Diritto Internazionale ed Europeo economico iraniano è stato intaccato e debilitato. In questo senso, come detto, un primo avvertimento sembrerebbe provenire dal fatto che l’Iran abbia concesso 60 giorni di tempo alle altre potenze per adempiere ai termini dell’accordo nucleare, con la conseguente minaccia di adozione di ulteriori, rigide misure. Il termine prefissato scadrà il prossimo 8 luglio. La speranza è che le altre potenze europee possano riprendere gli adempimenti pattuiti, portando così al ritorno dello stesso Iran ad onorare i termini e le misure dell’accordo nucleare. Dal canto proprio, Teheran non vuole abbandonare il JCPOA, ma intende ribadire il

fatto che non potrà rispettare unilateralmente un accordo disatteso da tutti gli altri contraenti. I già citati incidenti nel Golfo dell’Oman potrebbero essere letti analogamente: mostrare al mondo che se venisse impedito all’Iran di esportare petrolio, anche gli altri paesi produttori della regione potrebbero esserne colpiti – una tattica certamente condannabile nei modi, ma che rappresenterebbe la risposta politica alla decisione USA di aggravare economicamente un paese che sta rispettando un’intesa internazionale. Considerando il caso delle petroliere, difatti, è evidente l’impatto che si avrebbe sul trasporto, attraverso il vicino stretto di Hormuz, di un quinto del petrolio mondiale.

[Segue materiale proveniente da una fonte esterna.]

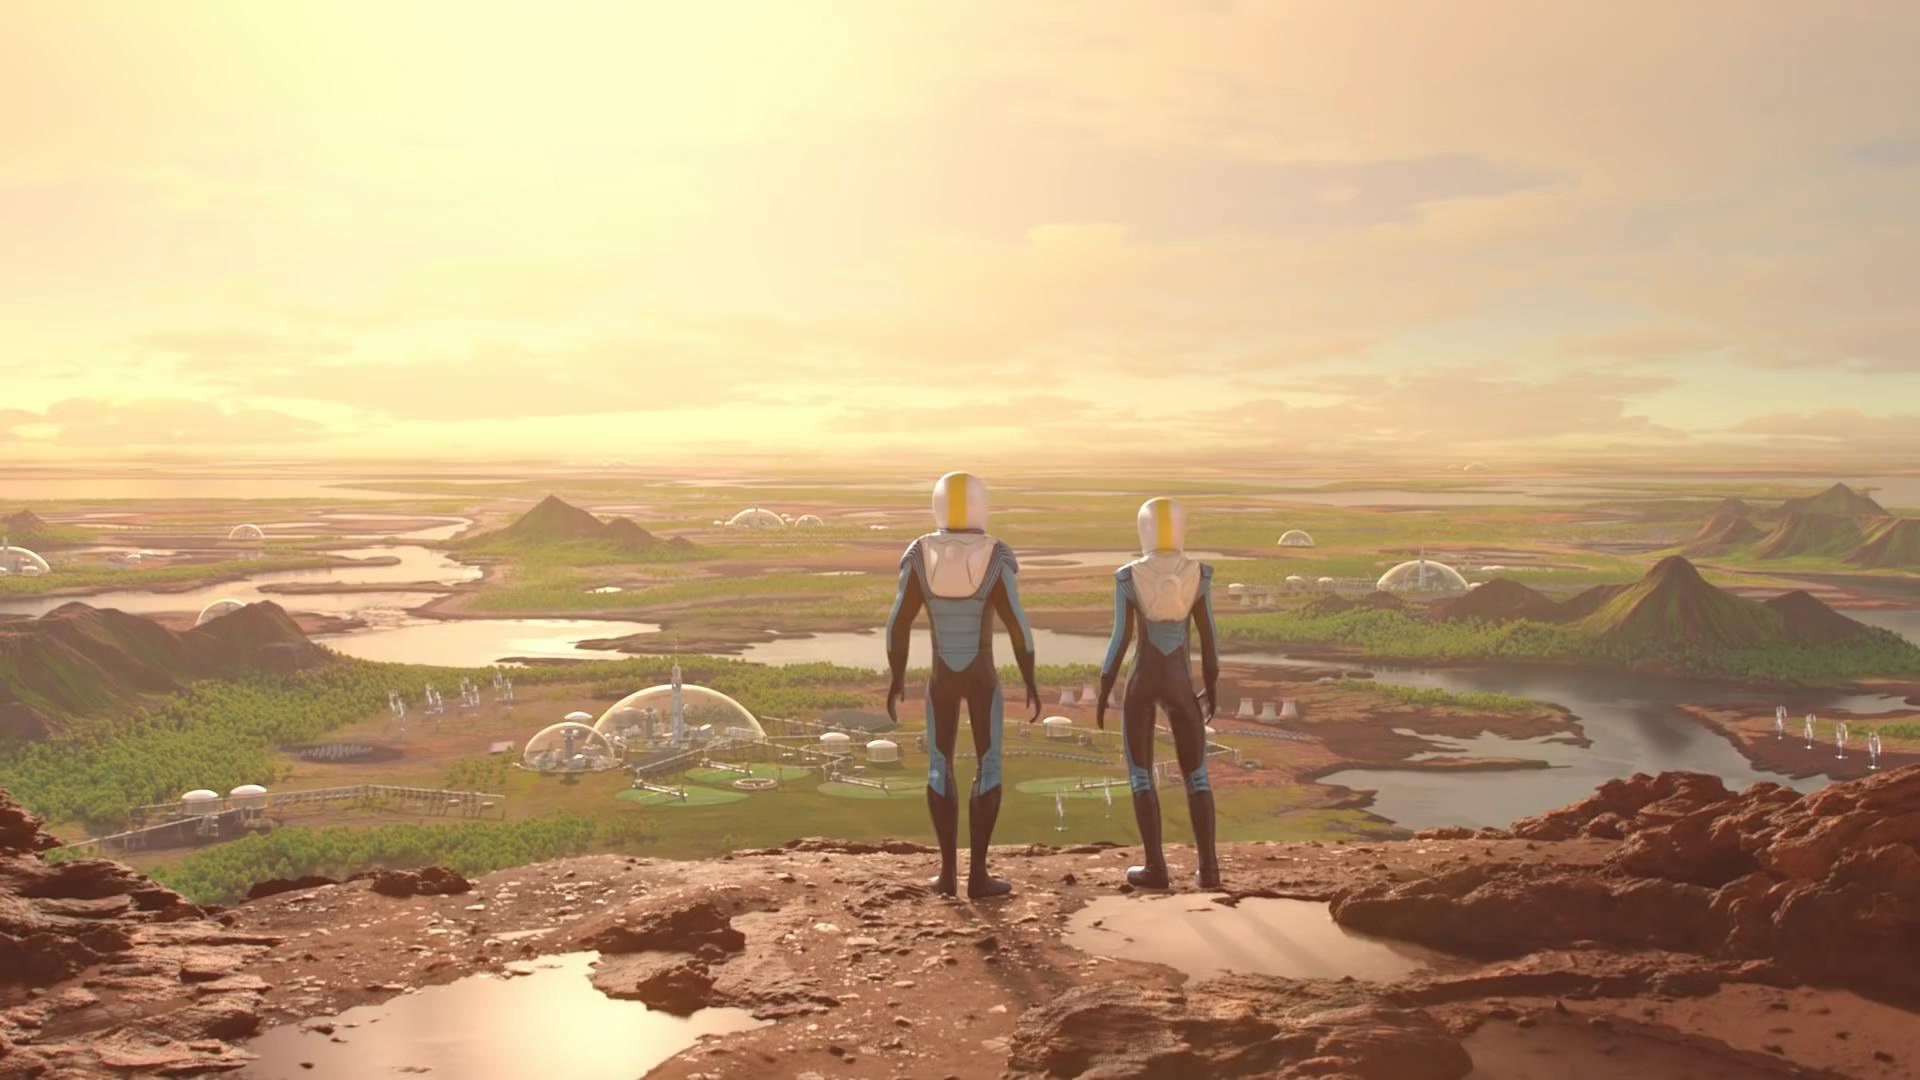 《火星求生》新DLC绿色星球公布 引入地球化设定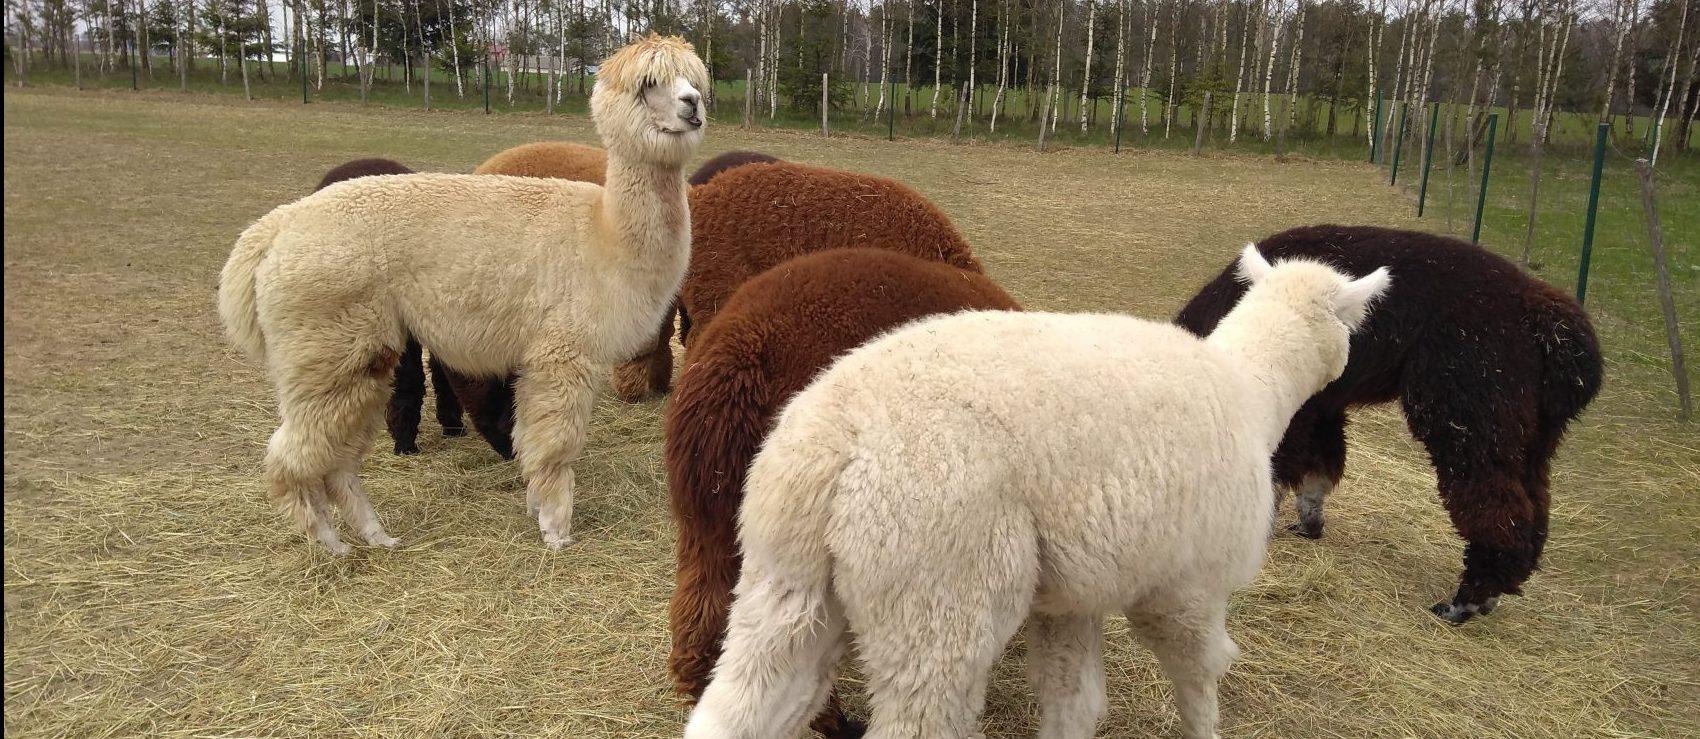 Pojechaliśmy przytulać Alpaki! – Alpakarium, Rudka 13

Di fronte all’unilateralismo americano, l’Europa non si è distinta per indipendenza né per coerenza ed efficacia della propria azione politica. Infatti, le pressioni europee nei confronti di Washington per salvaguardare il JCPOA sono andate scemando nel tempo al punto che, quando lo scorso maggio Teheran ha annunciato di sospendere temporaneamente alcuni obblighi previsti dall’accordo, Bruxelles ha emesso un comunicato in cui si sottolineava il “rifiuto di ogni ultimatum” proveniente da Teheran, esprimendo invece un semplice “rammarico” per l’imposizione unilaterale delle sanzioni da parte statunitense.